People concerns are part of the project management role; however, they affect the success of a software engineering project significantly. In particular, planning and estimating the capacity to perform work at different stages in the software life cycle can be difficult. The main tool used by managers is still spreadsheets and Gantt charts; however, simulation has made headway in capacity planning and estimation.

General-purpose simulation tools are dominant in this practice space. Some vendors do provide a combination of project management and simulation capabilities; however, the simulation features are mostly cosmetic or primitive. The functionality can improve in the future as the market for such features increase.

Current general-purpose simulation techniques use a combination of process simulation and resource optimization scenarios. Main use cases for this are

  • Decision-making for multiple project and resource trade-offs: There can be cases where different planned projects compete for the same resources at different time lines. Optimization or near-optimization of timelines and resources across multiple projects is a difficult task which simulation is well suited to perform. The constraint is that simulations in this area require specialized skill-sets, which may be too costly or difficult to acquire.

  • Capacity planning within a project: Simulation can produce capacity scenarios from common constrains such as hourly wages, scheduling rules, resource availability, skill-set modifiers, and task times (based on heuristics or statistical data).

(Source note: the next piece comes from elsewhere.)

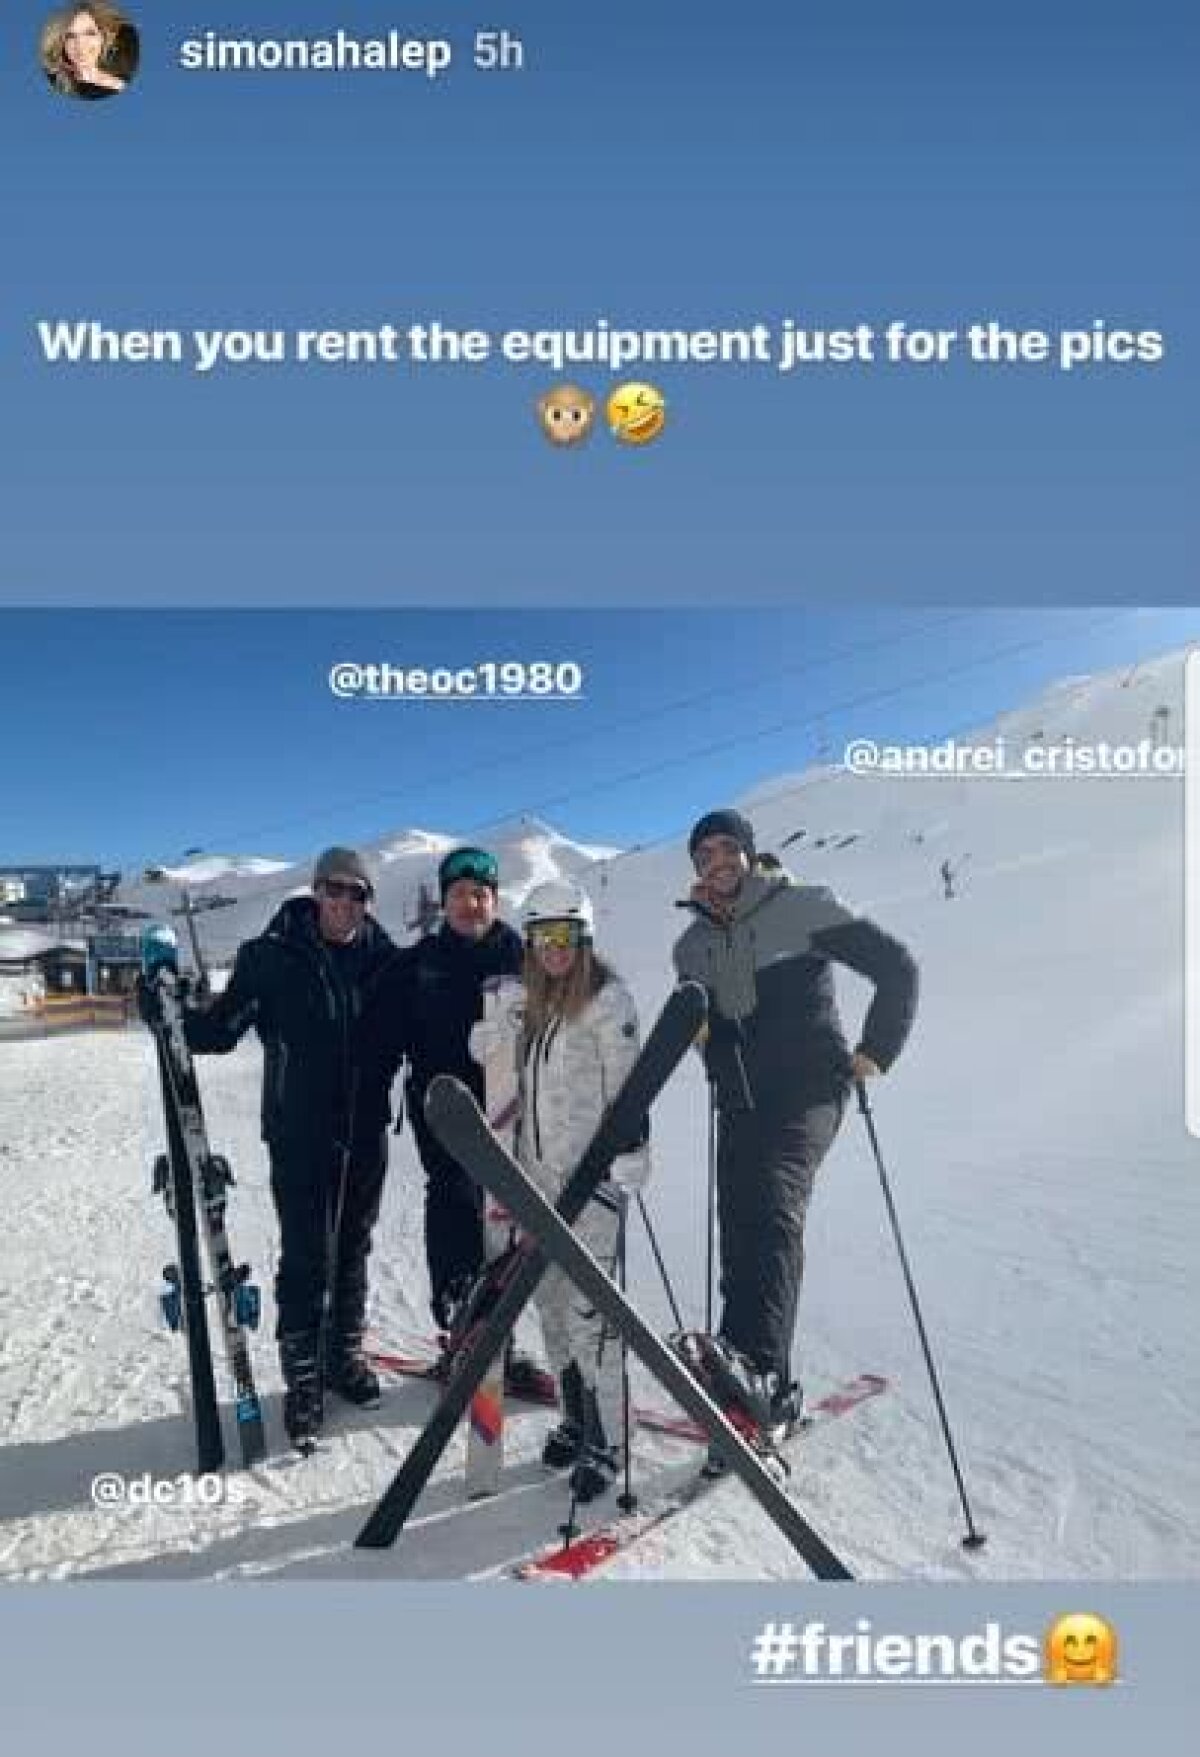 GALERIE FOTO Au încetat colaborarea, dar asta nu i-a oprit să meargă împreună în vacanță » Imagini spectaculoase cu Simona Halep și Darren Cahill în Alpii austrieci

  • Automation versus manual work: In many cases there may be concerns with the trade-offs between automation of certain tasks or managing them manually. Sometimes referred to “people versus technology” scenarios, simulation can provide insight on cost and time implications.

4.4 Governance

Governance, as it relates to simulation use in software engineering, is often an oversight. Some simulation activities may be dispensable and used only for a particular decision point in the overall software design and never again. However, in more mature software teams many of the knowledge acquired through simulation is retained or reused. BPEL-driven simulation is one example where a rich knowledgebase of models develops over time. The data and accuracy of the simulations become better with the addition of new models. Governance of the models becomes a necessary part of the software design life cycle. Some common concerns to address are

  • Which role is accountable for the model? In cases where the simulation is ad hoc, then it may be the simulationist or their manager. However, for environments that reuse simulation objects, then a role is required to ensure model compliance with the organization’s rules and principles. This is usually part of an Enterprise Architecture role, but can also be the accountability of a technology or service manager.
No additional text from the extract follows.